--- START ---

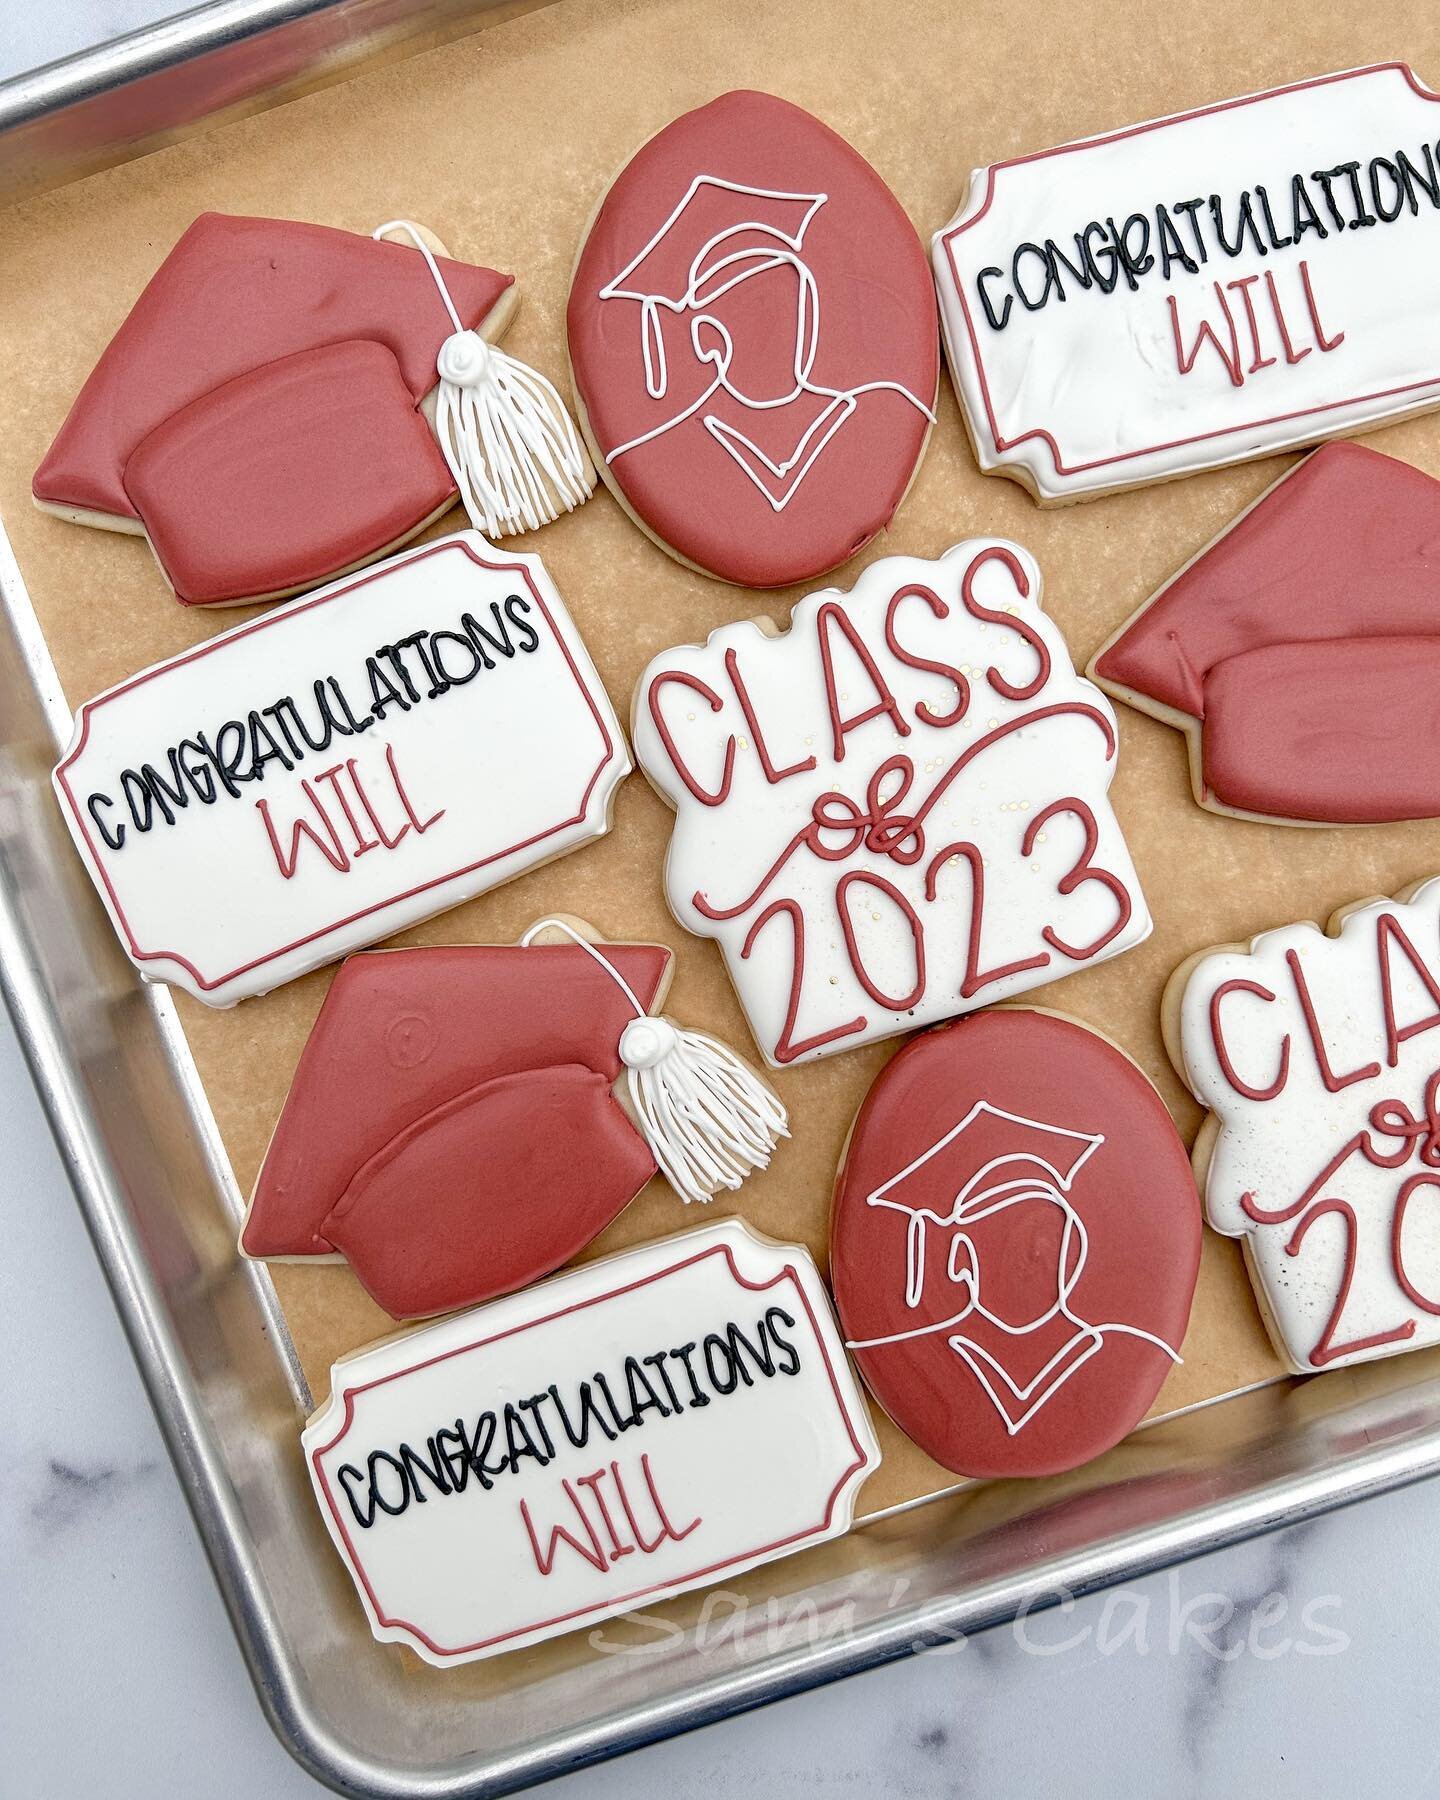 Happy graduation season!!
.
.
#samscakes #gradszn #sjci #2023 #2023grad #supportlocal #cookies #sugarcookies #cookiesofinstagram #buffalo
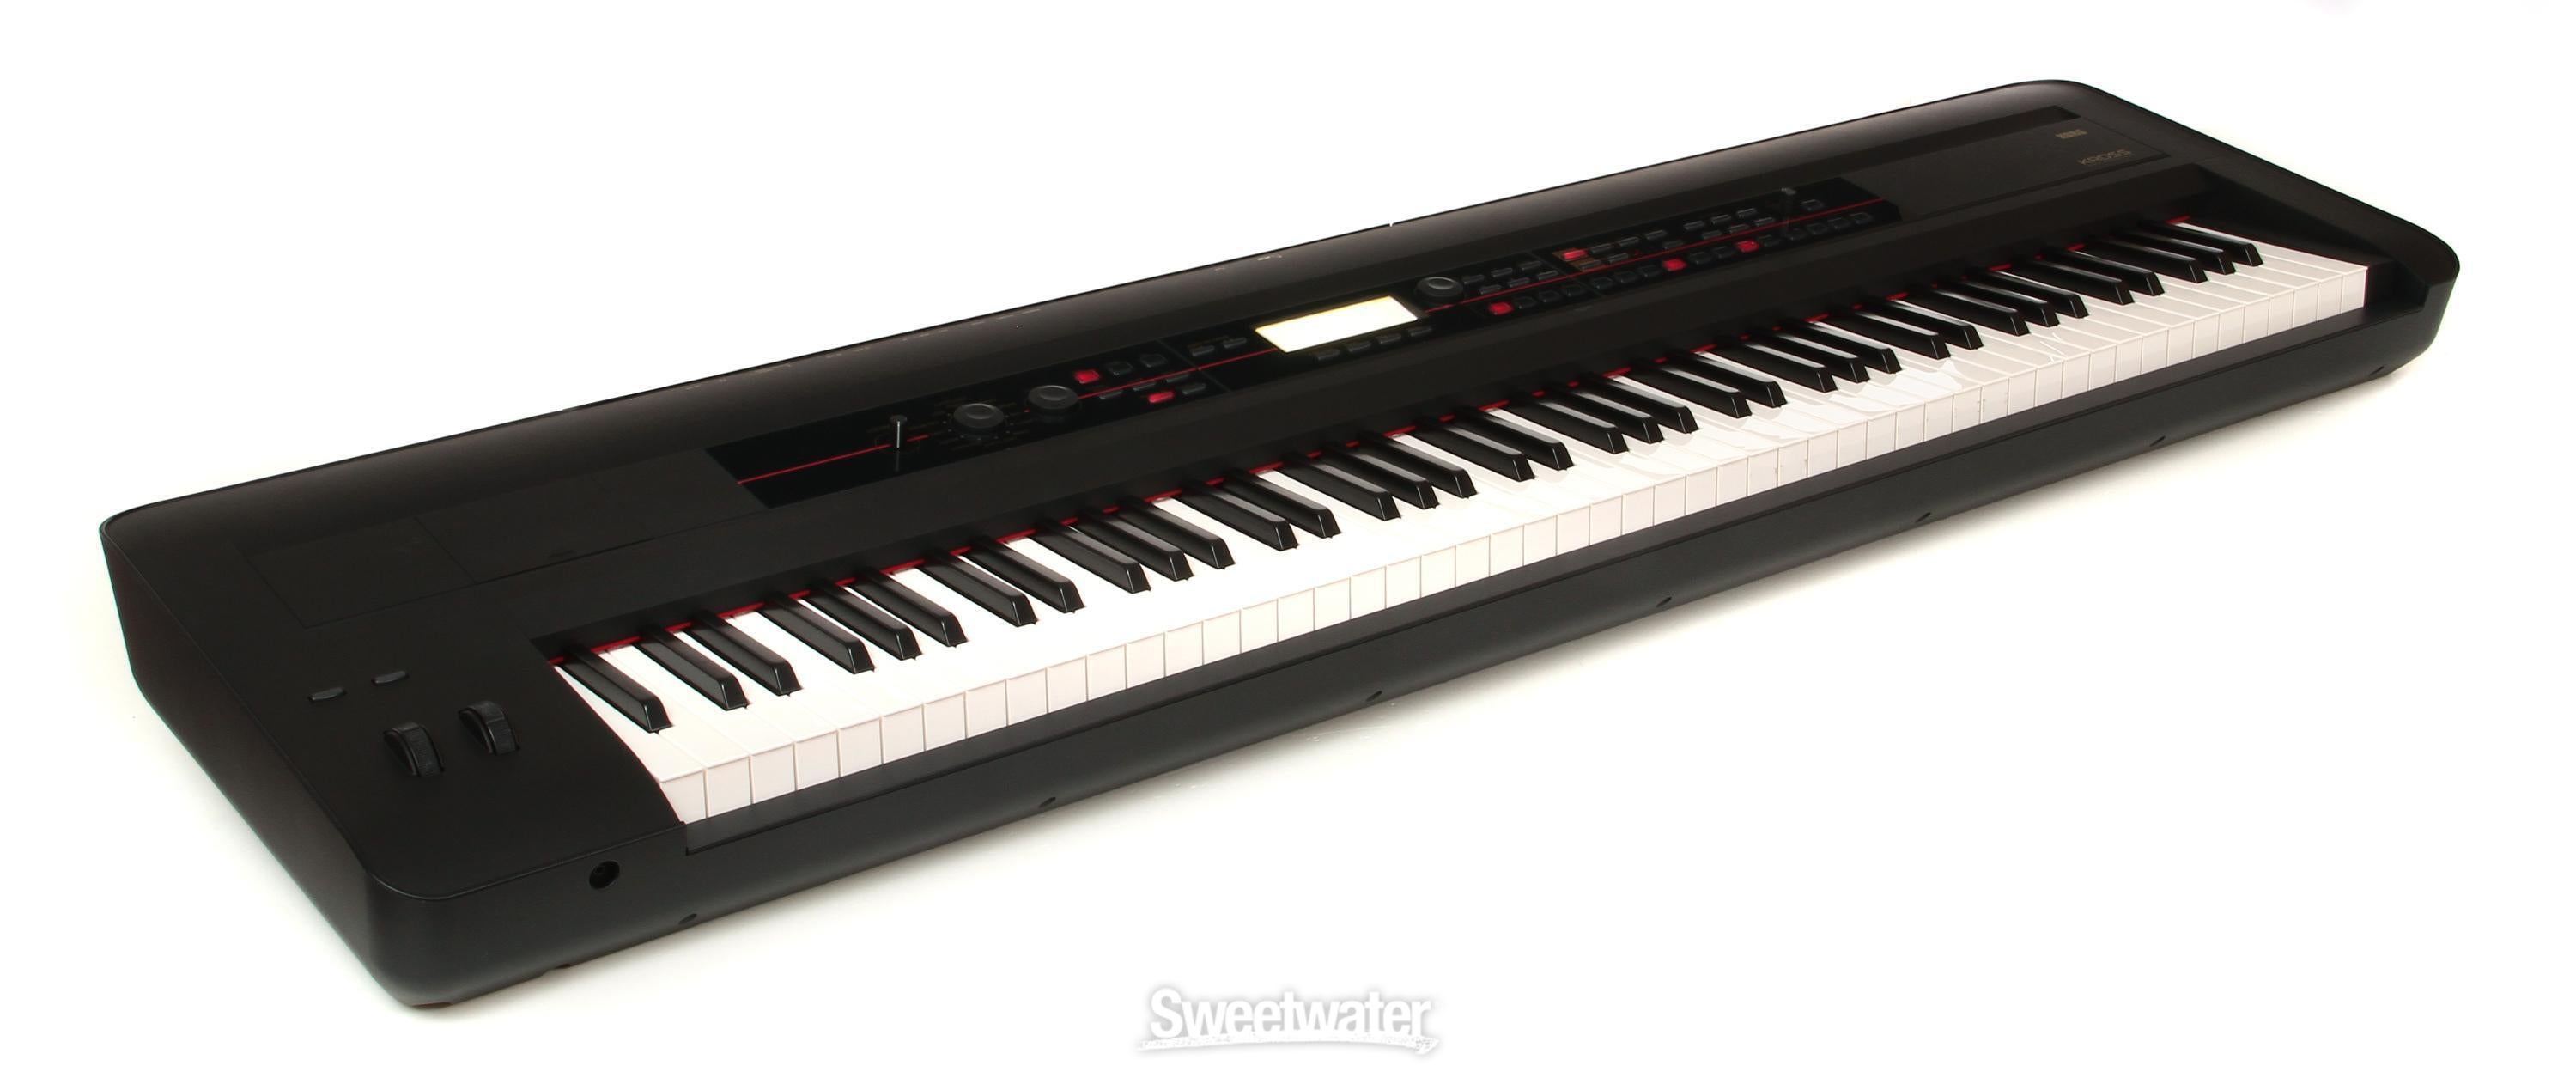 Korg Kross 88-key Synthesizer Workstation - Black | Sweetwater
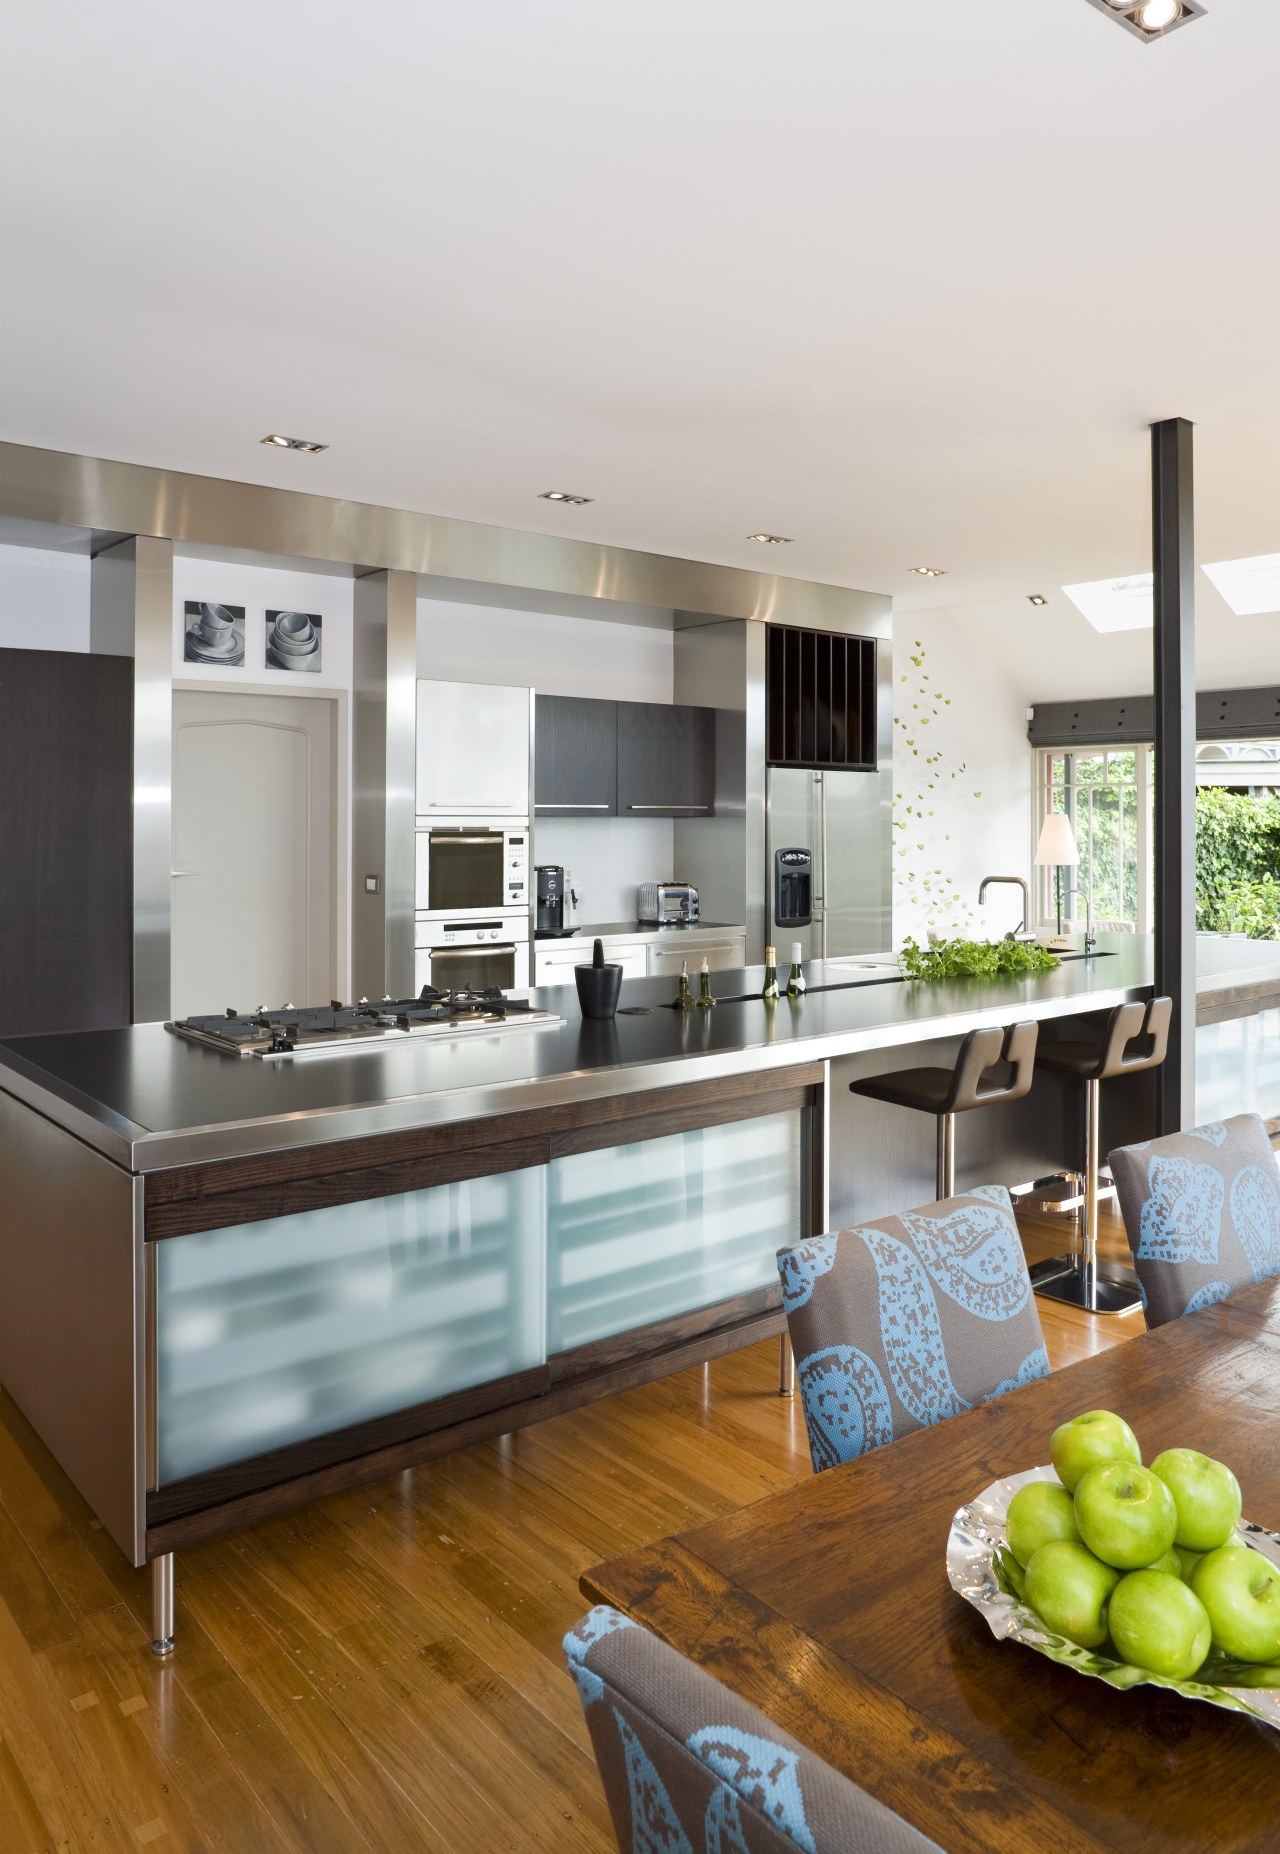 he kitchen, designed by architect Gordon Moller and countertop, cuisine classique, interior design, kitchen, real estate, white

--- END ---

Give the entries again exactly, but skip every image.

 Happy graduation season!!
.
.
#samscakes #gradszn #sjci #2023 #2023grad #supportlocal #cookies #sugarcookies #cookiesofinstagram #buffalo
 Korg Kross 88-key Synthesizer Workstation - Black | Sweetwater
 he kitchen, designed by architect Gordon Moller and countertop, cuisine classique, interior design, kitchen, real estate, white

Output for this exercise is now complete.